University Presentation
We may have three lectures about synthetic biology in our mandatory course, but we thought this is by far not enough to educate students on synthetic biology and iGEM! So we worked together with Dr. Stefano Vavassori, lecturer at the University of Zurich, to facilitate access to synthetic biology content for UZH students.
In March of 2020, Dr. Vavassori was kind enough to grant us a couple of minutes of his lecturing time to shortly educate UZH students about synthetic biology and iGEM. Due to the lockdown we recorded a short presentation and submitted it to the online lecture, so all the students have access to the recording.
We are planning to make it a yearly tradition to educate more students on the topic of synthetic biology.
iGEM Recruitment
We can't be an iGEM project speaking of getting people interested in the field of synthetic biology without also making sure our legacy in the competition gets carried on. So we did exactly that and went into lectures advertising not just iGEM but a general introduction to synthetic biology and a presentation of our projects, to get university students into synthetic biology via iGEM.
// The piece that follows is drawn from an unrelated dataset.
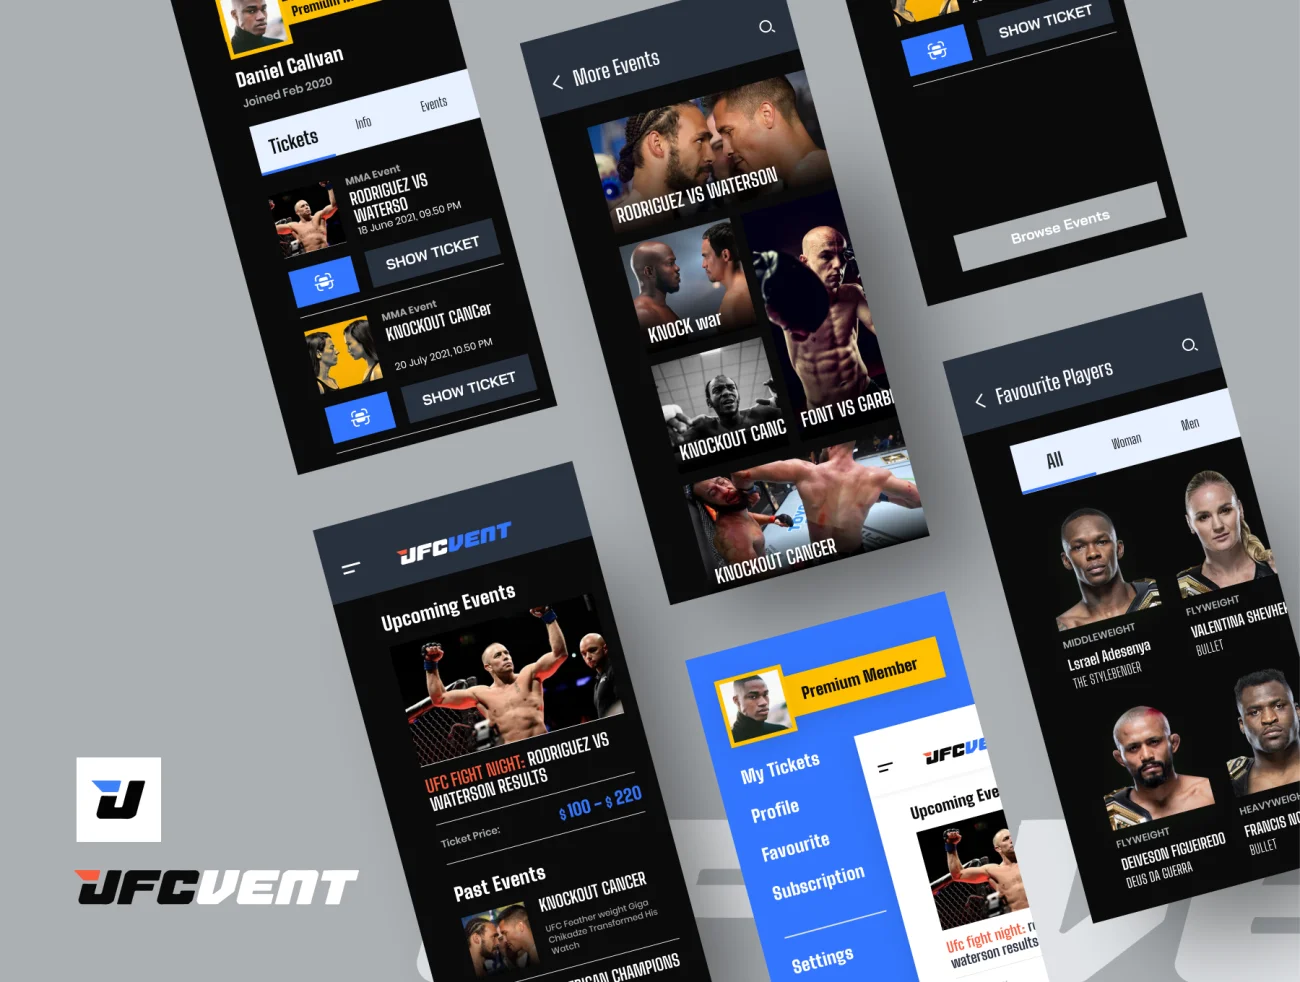 20屏完整版UFC MMA拳击摔跤综合格斗赛事比赛应用 UFC VENT – MMA Event Booking app插图9

To make it accessible to everyone, especially since attendance is currently limited at our university, we streamed and recorded it as well.
Project Presentations
Of course we also had to show off our project in academic circles to gain feedback and improve on our project. Primarily this included our collaboration with the other Swiss teams (UniL & EPFL), for which we went to Lausanne to present our project and discuss it with the other teams and iGEM alumni. You can read more about that on our Collaboration page.
Additionally we will be presenting our project at our university, once it is completed. We are given the opportunity to present our research to our host lab, particularly to improve our own understanding of presenting academic research. One of our sponsors, the Science Alumni at the University of Zurich is also hosting us in early spring of 2021, to present our key take-aways from the project.